Byington and Enlow set themselves up for that kind of challenge. They performed it, and performed it with style as well as explanations beforehand of what to listen for. Not bad for college professors with course caseloads and private lessons to keep up, don’t you think?
Rachmaninov’s Valse from Six Pieces for Four Hands, Opus 11, that the two played together to open the program, came off a little stiff and without quite all the bounce they were shooting for.
Byington picked up the pace with a noticeably spirited Allegretto from Mozart’s 10th Sonata. A little self-consciousness and hints of insecurity sneaked in here and there early on, in the major and minor chords in the Moderato and Cantabile.

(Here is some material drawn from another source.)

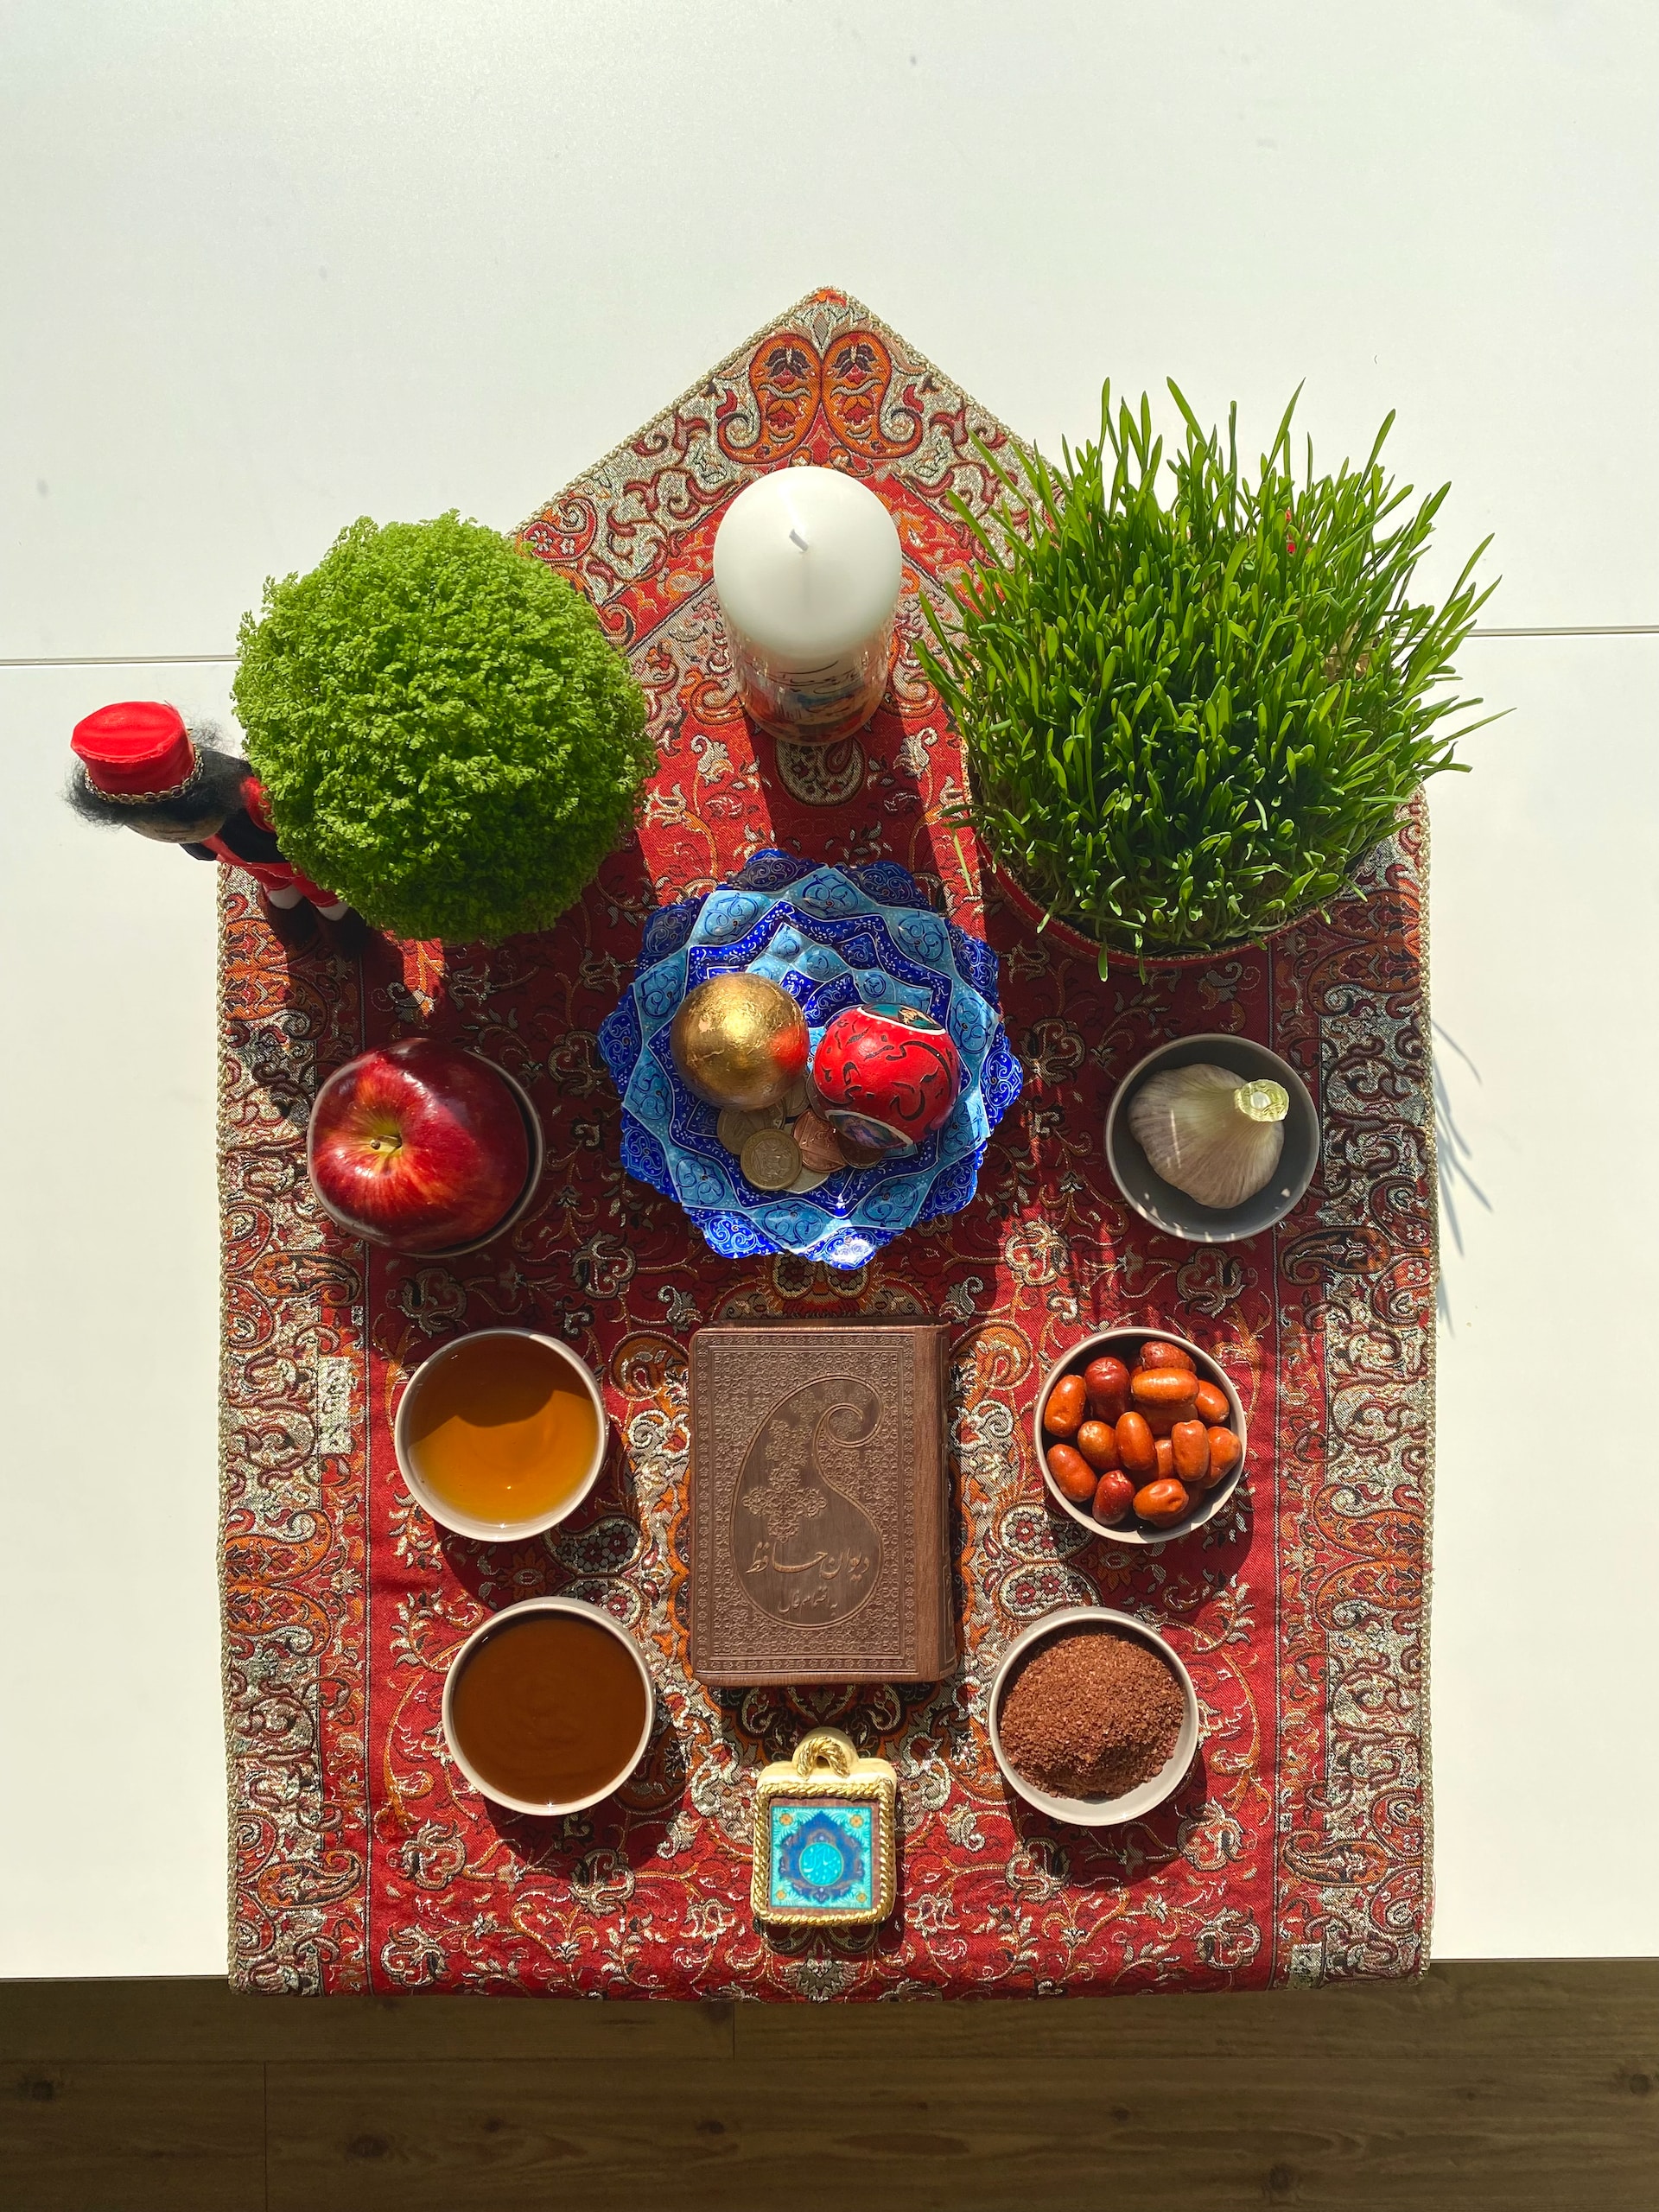 Image of a traditional Haft Seen display by Pouya Jabbarisani on Unsplash.

But that Allegretto, wow! Byington forgot herself and took off, just her and Mozart and that swim of marvelous melodies that, down through the centuries, has come to fire up songwriters and composers across the boards, from rock and pop to classical.
Byington also got Brahms out in the open from his Four Piano Pieces, Opus 119, the Intermezzos in B and E minor and the one in C Major; and then took flight through the rhapsody in E-flat Major.
Brahms’ music can touch the heavens. But to get to it, you have to get through a left-brain the size of a chief accountant’s. The guy’s intellectuality snoops through details and more details. Byington soared.
I suspect Enlow and Rachmaninov were cut from the same cloth. The two got along famously through the second Sonata in B-flat minor, Opus 36. Both were decisive, commanding and authoritative; introspective, moody beyond belief; and manic to maddening intensity at times.
Talk about attention to accuracy. Rachmaninov killed his original of the Sonata by overworking it to death years later. Understanding that, Enlow played the original with transcription by Earl Wild. Rather than risk making a mistake, Enlow played with the sheet music before him rather than commit it to memory. The result was a trip through one of the 20th century’s most memorable examples of romanticism at its very best.
Offsetting the afternoon’s seriousness, Byington and Enlow concluded with a duet for piano that most of us have heard or danced to although we may not all know it by name, Rachmaninov’s Polka Italienne. The composer had to be in the most convivial of spirits when he wrote it. Byington and Enlow certainly left the rest of us that way.
This was the second in a series of piano recitals SCC’s Music Department is putting on to benefit their scholarship program for deserving students of piano. Is it worth supporting? Attend a recital. You’ll get closer in touch with things.